Being a young whippersnapper, it never occurred to me that health care policy was a relatively new field of study within our universities. But when Health Beat reader Bradley Flansbaum passed along the  Reuters story below to Maggie (original here)  and she passed it on to me, I gained a new perspective on the issue. It turns out that until very recently, health care used to just mean medicine. But today, thinking about health care demands thinking about  a lot of different things, like public policy, public administration, economics, politics, and even sociology.

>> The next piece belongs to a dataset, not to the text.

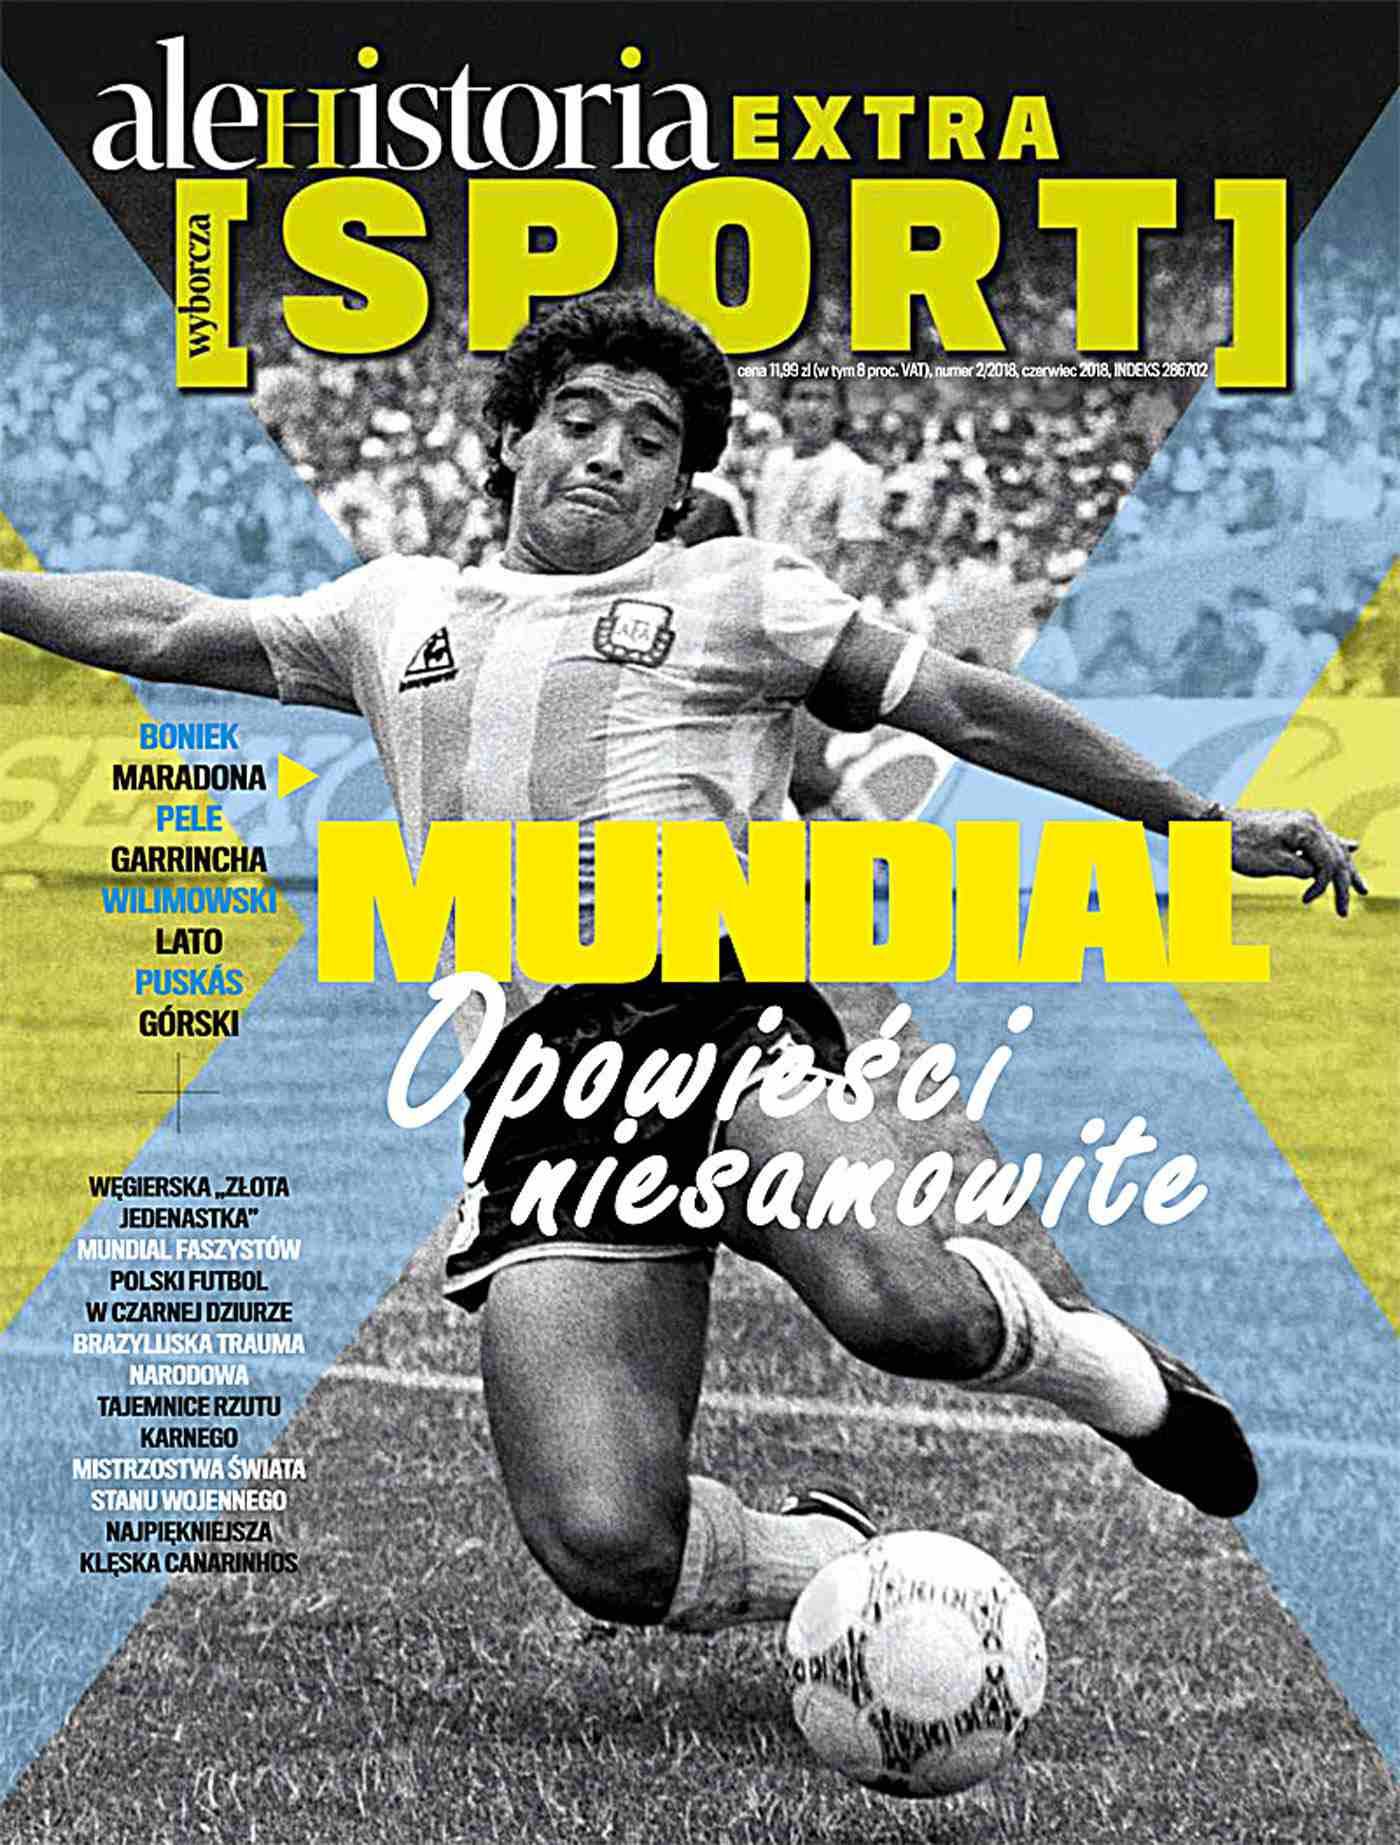 Ale Historia Extra. Mundial. Opowieści niesamowite 2/2018 - Ebook (Książka PDF) do pobrania w formacie PDF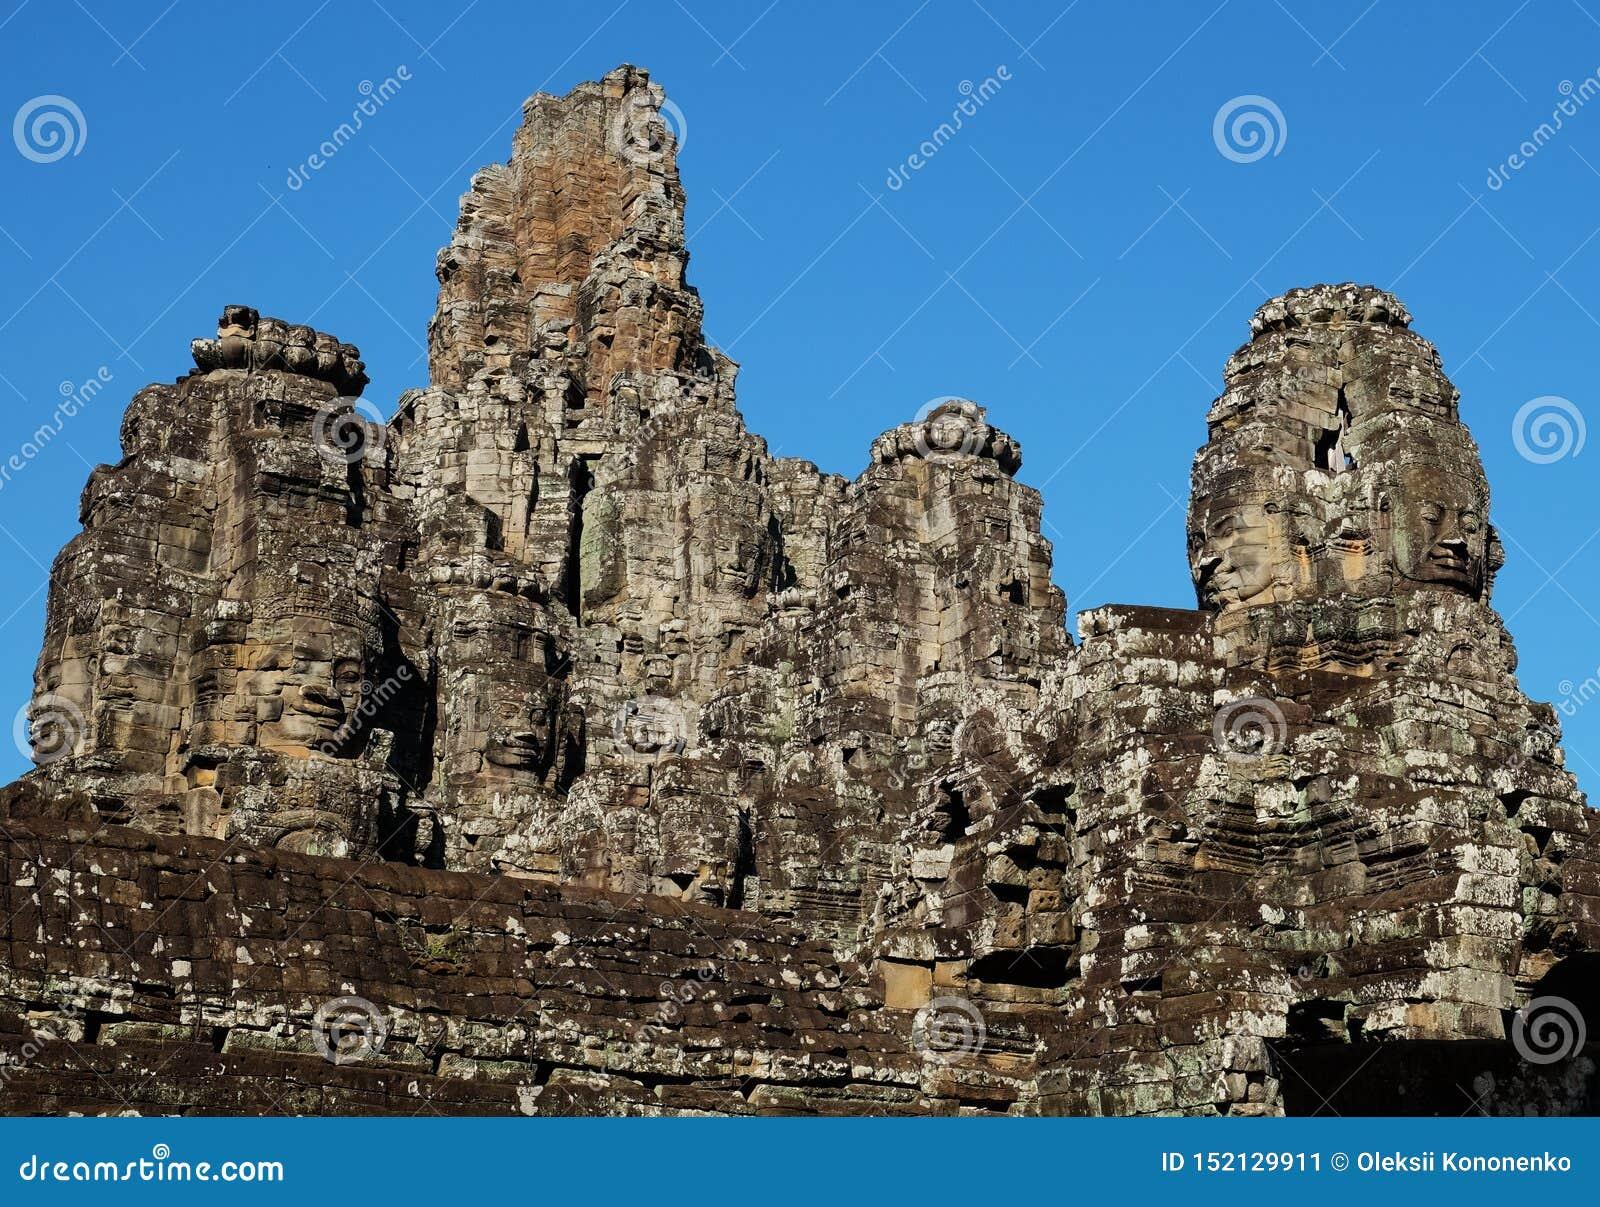 Templo antiguo monumental de Bayon en Camboya Templo medieval en Indochina Arte arquitectónico de civilizaciones antiguas Bayon

This mixed bag is reflected in the diverse academic offerings at colleges and universities—as well as the swell of students interested in them. The Reuters story below suggests that there are three main motivations for the increased student interest: fascination, idealism, and profit. That sounds about right. You can either be genuinely interested in the complexities of health care or the politics surrounding it; want to fix the system for the greater good; or want to learn as much as you can about the system to better navigate it for GlaxoSmithKline.

There’s obviously a lot of good to be had from generations growing up understanding more about our insanely complex and counter-productive health care system. Teaching college students about the system now might instill a long-term openness to reform and improvement that wasn’t present in generations who never knew about health care until they got sick.

But I can’t help but wonder about the faddishness of it all. After all, health care isn’t the only broken system that could use some attention. Consider the criminal justice system. Back in the day, law and order meant being a lawyer or a cop. But today there are criminology and criminal justice programs around the world that focus on issues like incarceration, community policing, cost, risk management, and more. Yet the buzz surrounding these issues hasn’t been comparable to the much louder debate about health care—even though one out of 32 Americans is currently in the corrections system and a black male is more likely to have served time in jail than have a college degree. This too is a crisis.